Roadmap Native Graphics Backend (Vulkan, DirectX11, DirectX12, Metal) #5105
Labels
Category: Doc
Requests, Issues and Changes targeting javadoc and module documentation
Status: Needs Discussion
Requires help discussing a reported issue or provided PR
Motivation
There are not a lot of good options in regards to rendering frameworks. for LWJGL there is either OpenGL or BGFX.

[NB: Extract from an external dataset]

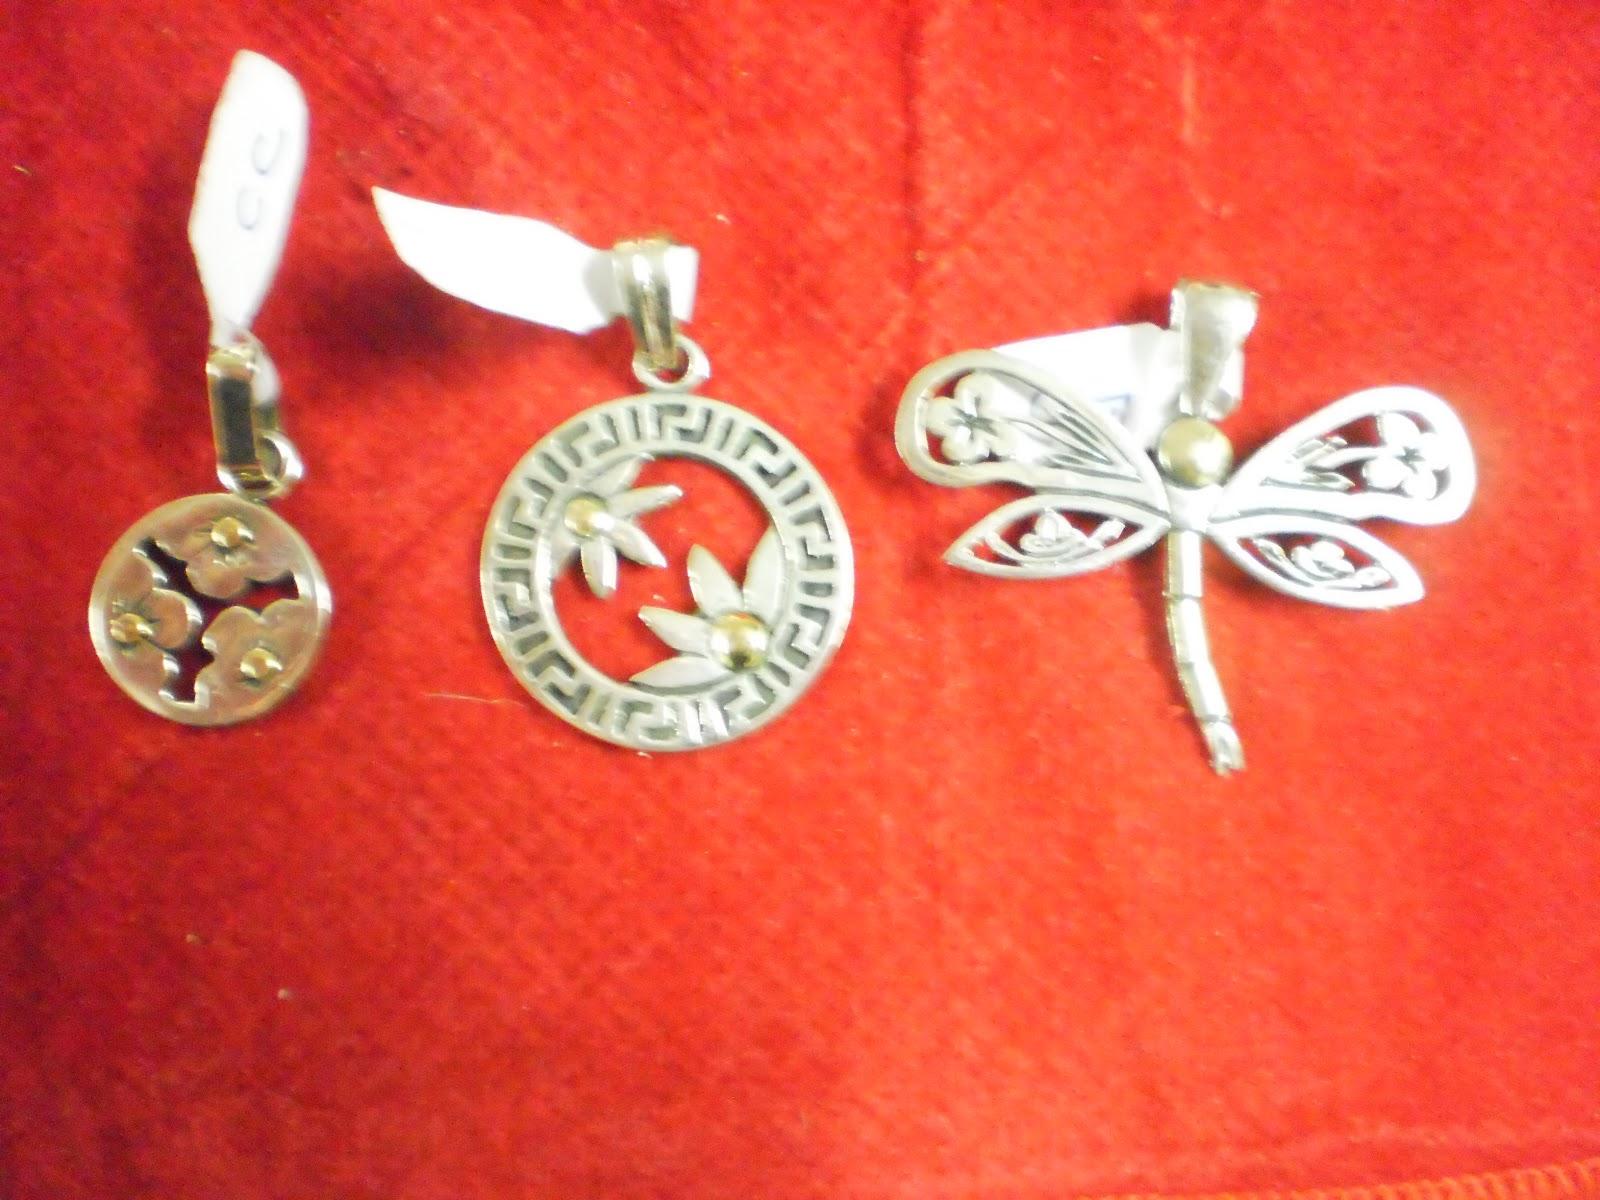 57fc101787f5 Aghata joyas  Dijes plata y oro diferentes motivos

I've used bgfx for this project (https://github.com/OSS-Cosmic/AmnesiaTheDarkDescent/tree/feat/bgfx). bgfx is decent there is quite a bit of overhead since commands are recorded and played out on a render thread. basically you are limited to two command buffers for vulkan and the action of replaying and forwarding state is quite a bit of overhead. It's also very opinionated, so how things function from a graphical point of view can be very hard to trace, basically its a black box. some things are not straightforward and require peering into the API to understand functionality.
Proposal
one thought to to is move all the asset management and rendering logic to a native binary. I've been using this rendering abstraction wonder if it would be applicable to our needs: https://github.com/ConfettiFX/The-Forge the other option is NVRHI (https://developer.nvidia.com/blog/writing-portable-rendering-code-with-nvrhi/)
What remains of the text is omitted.